[DATASET CONTENT]:
--- --- ---
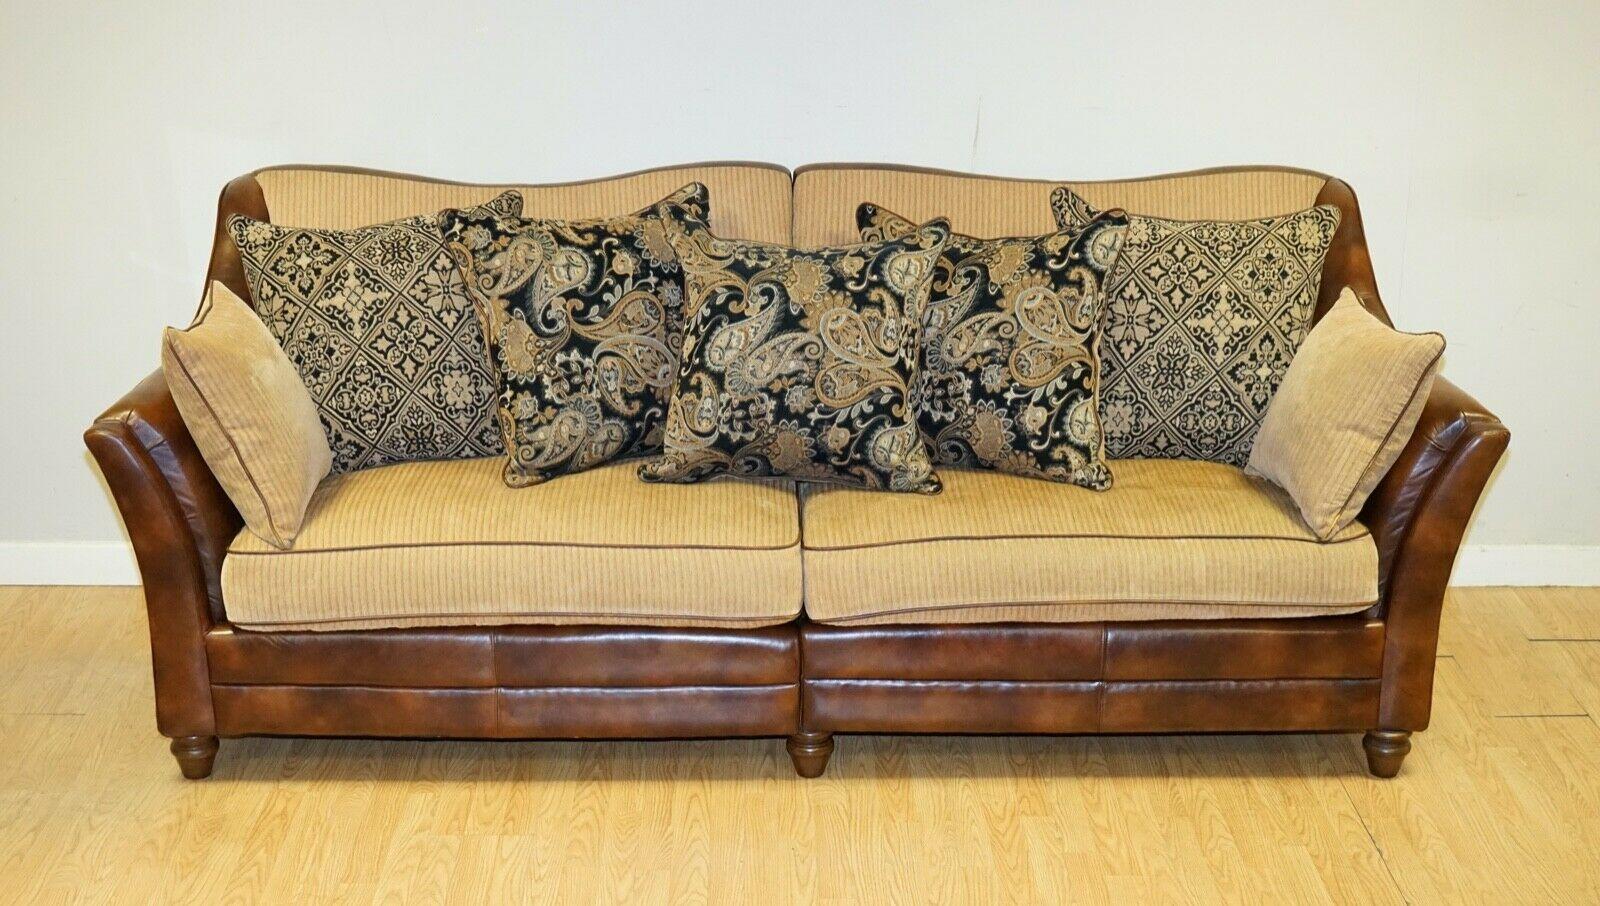 We are delighted to sell this very comfortable Tetrad style leather & fabric sofa.
The scatter pillows have all been replaced with new ones bought from John Lewis.
The best thing about this sofa is that it gives you great comfort and also saves
--- --- ---
[EXERCISE INSTRUCTIONS]:
In the copy, include no pictures, but repeat the listing exactly.

[RESPONSE TO THE TASK]:
 We are delighted to sell this very comfortable Tetrad style leather & fabric sofa.
The scatter pillows have all been replaced with new ones bought from John Lewis.
The best thing about this sofa is that it gives you great comfort and also saves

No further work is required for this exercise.